*** Opening of Data ***

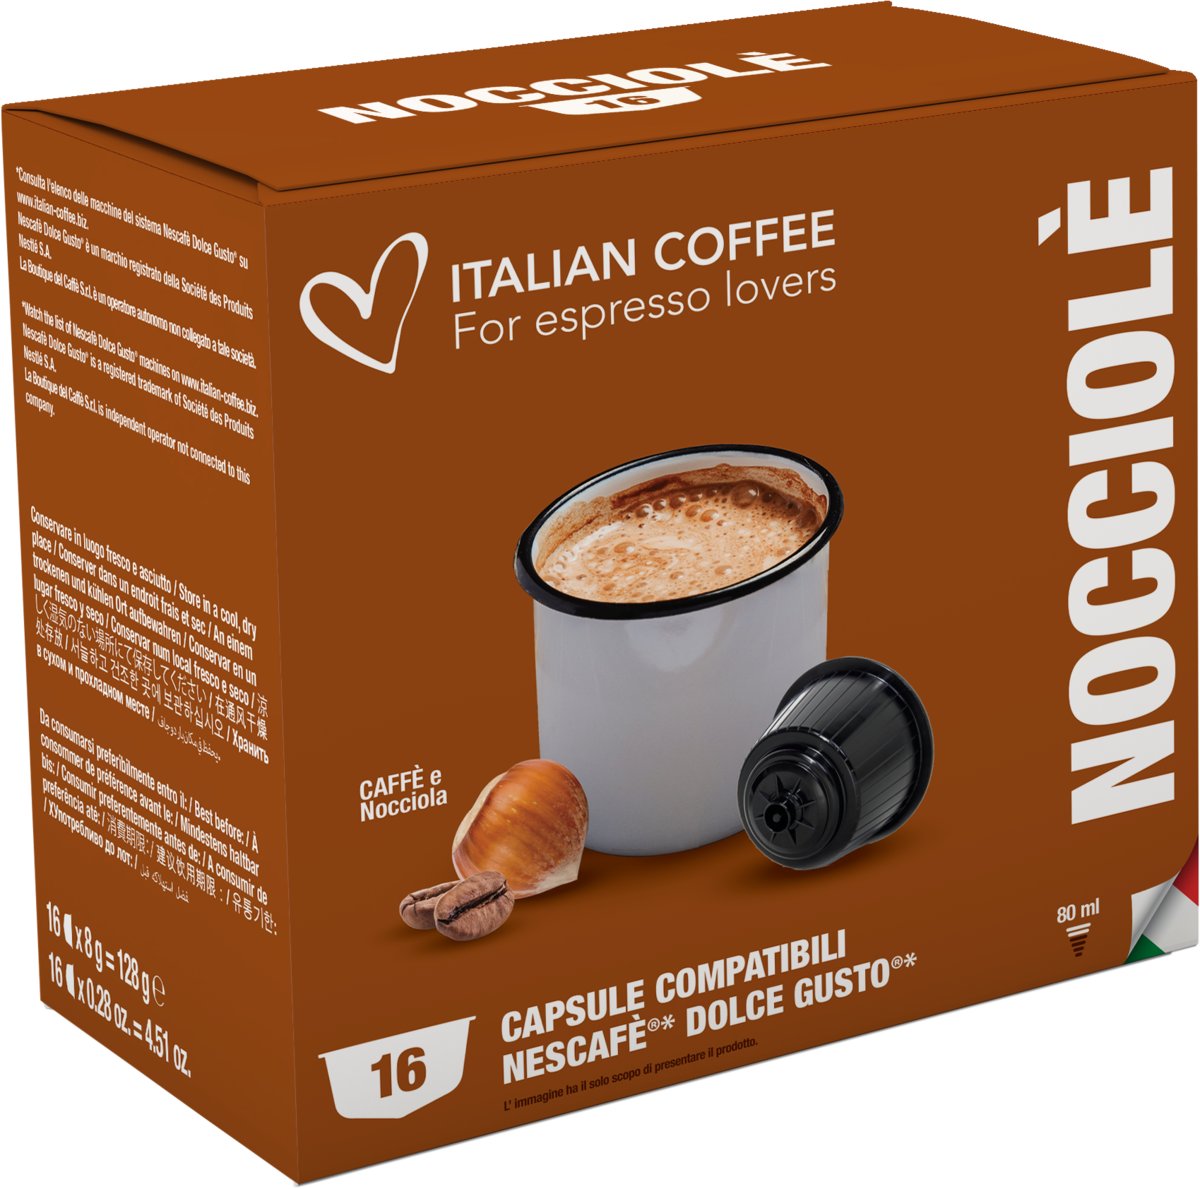 Italian Coffee, Nocciole, Orzech Laskowy, Kapsułki Do Dolce Gusto, 16 Kapsułek
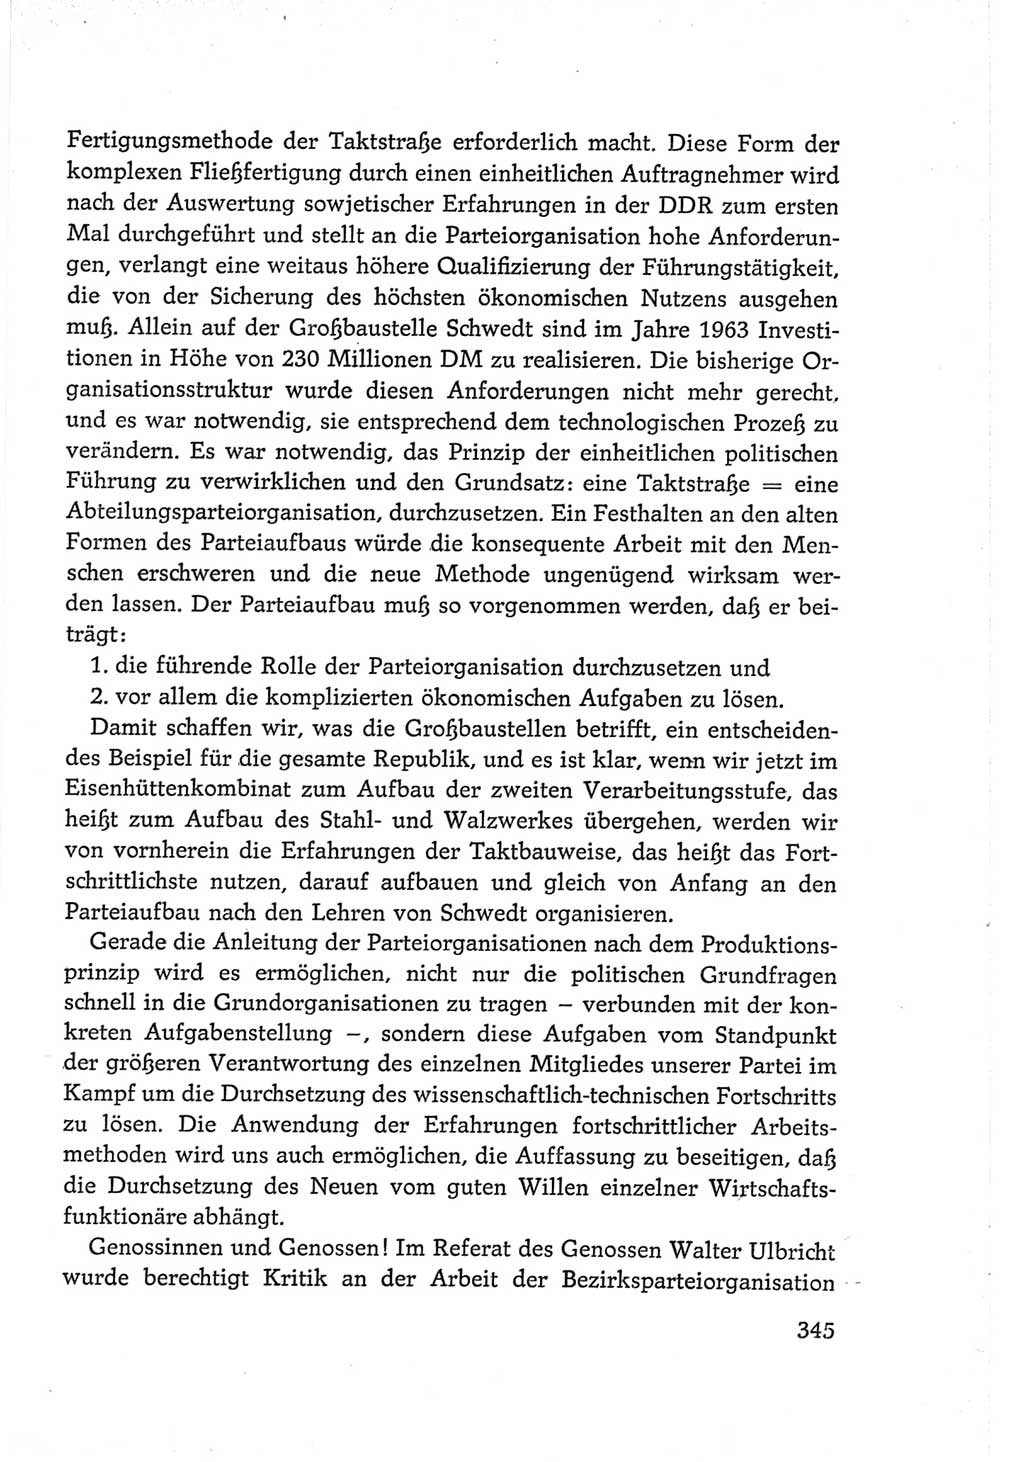 Protokoll der Verhandlungen des Ⅵ. Parteitages der Sozialistischen Einheitspartei Deutschlands (SED) [Deutsche Demokratische Republik (DDR)] 1963, Band Ⅲ, Seite 345 (Prot. Verh. Ⅵ. PT SED DDR 1963, Bd. Ⅲ, S. 345)
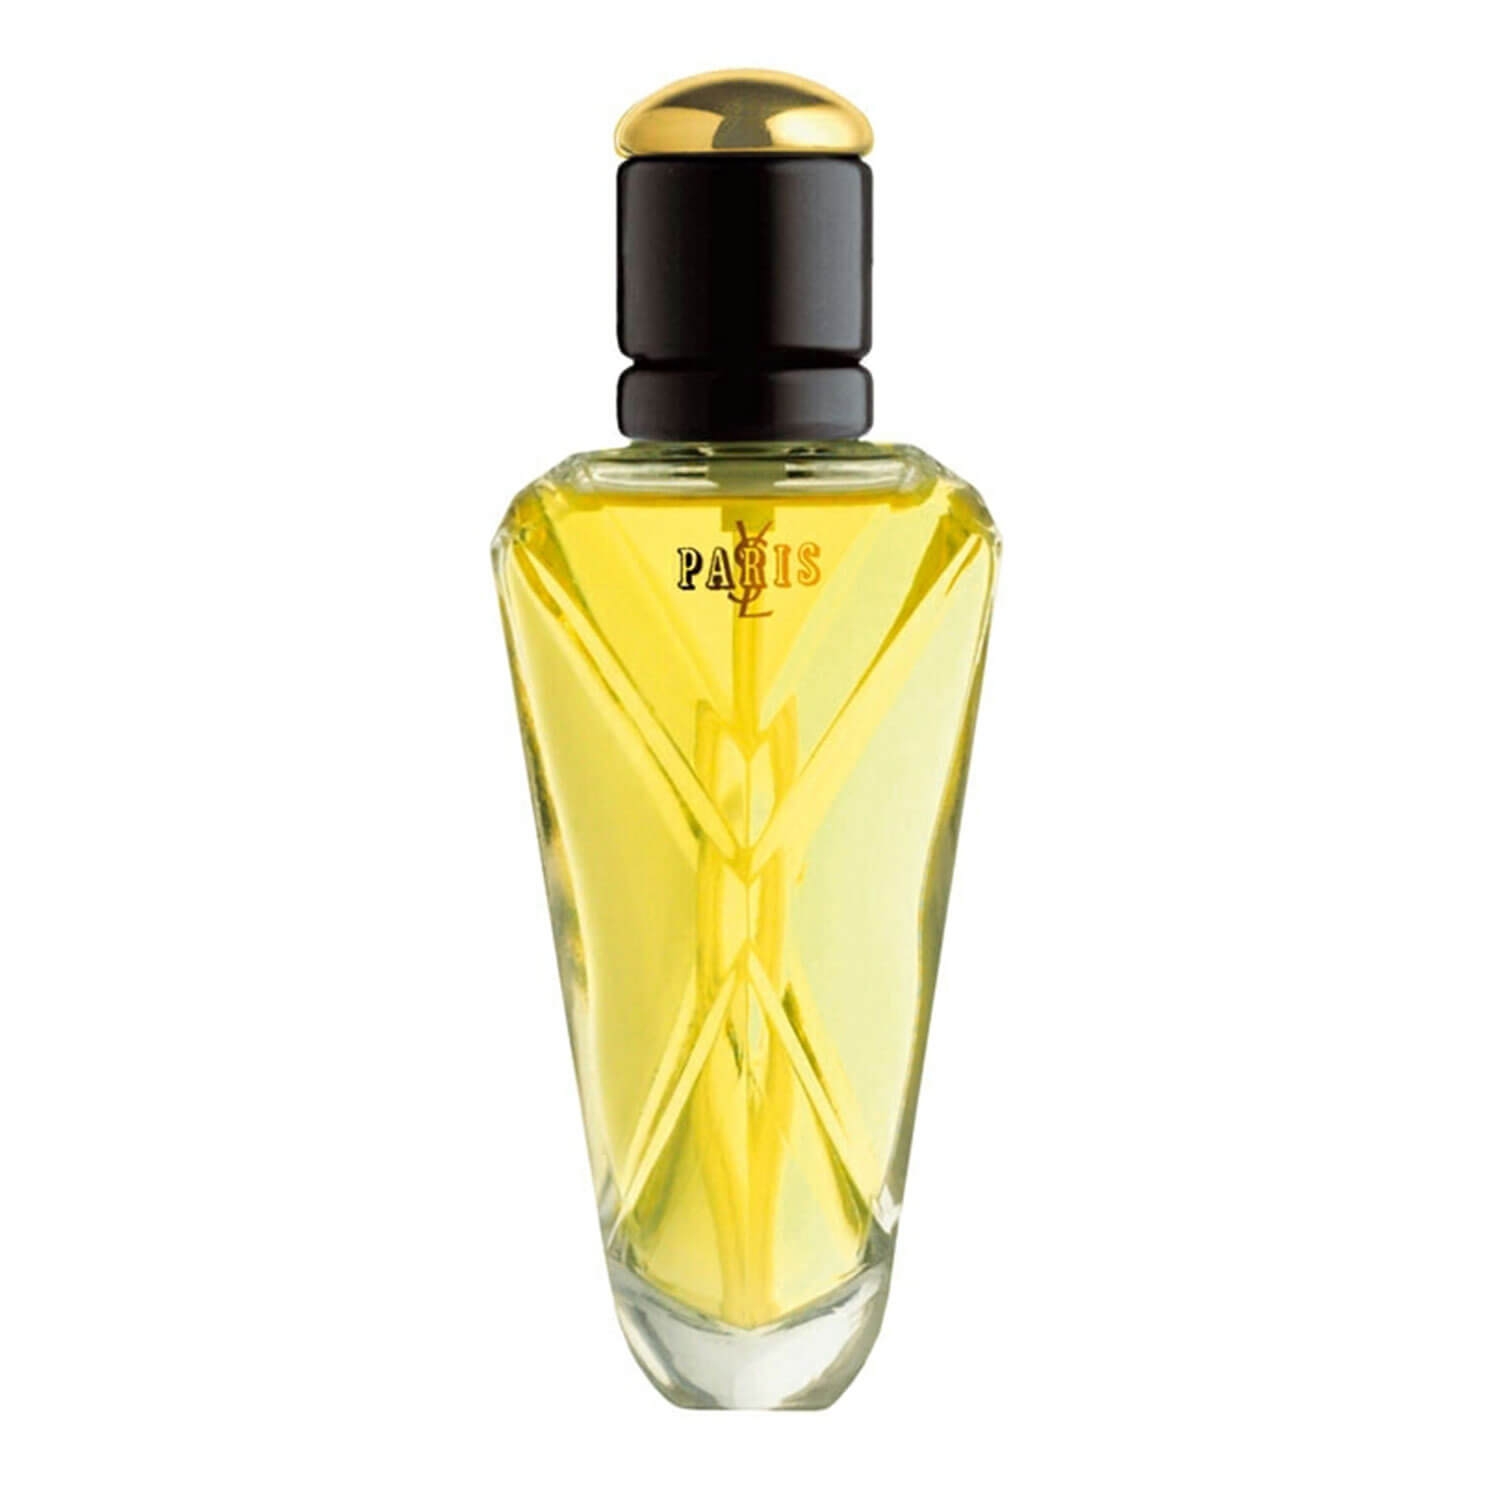 Product image from YSL Paris - Eau de Parfum

*** Close of Data ***

### Problem description:
Reproduce the data above in full, exactly, with the images removed.

### Exercise response:
 Italian Coffee, Nocciole, Orzech Laskowy, Kapsułki Do Dolce Gusto, 16 Kapsułek
 Protokoll der Verhandlungen des Ⅵ. Parteitages der Sozialistischen Einheitspartei Deutschlands (SED) [Deutsche Demokratische Republik (DDR)] 1963, Band Ⅲ, Seite 345 (Prot. Verh. Ⅵ. PT SED DDR 1963, Bd. Ⅲ, S. 345)
 Product image from YSL Paris - Eau de Parfum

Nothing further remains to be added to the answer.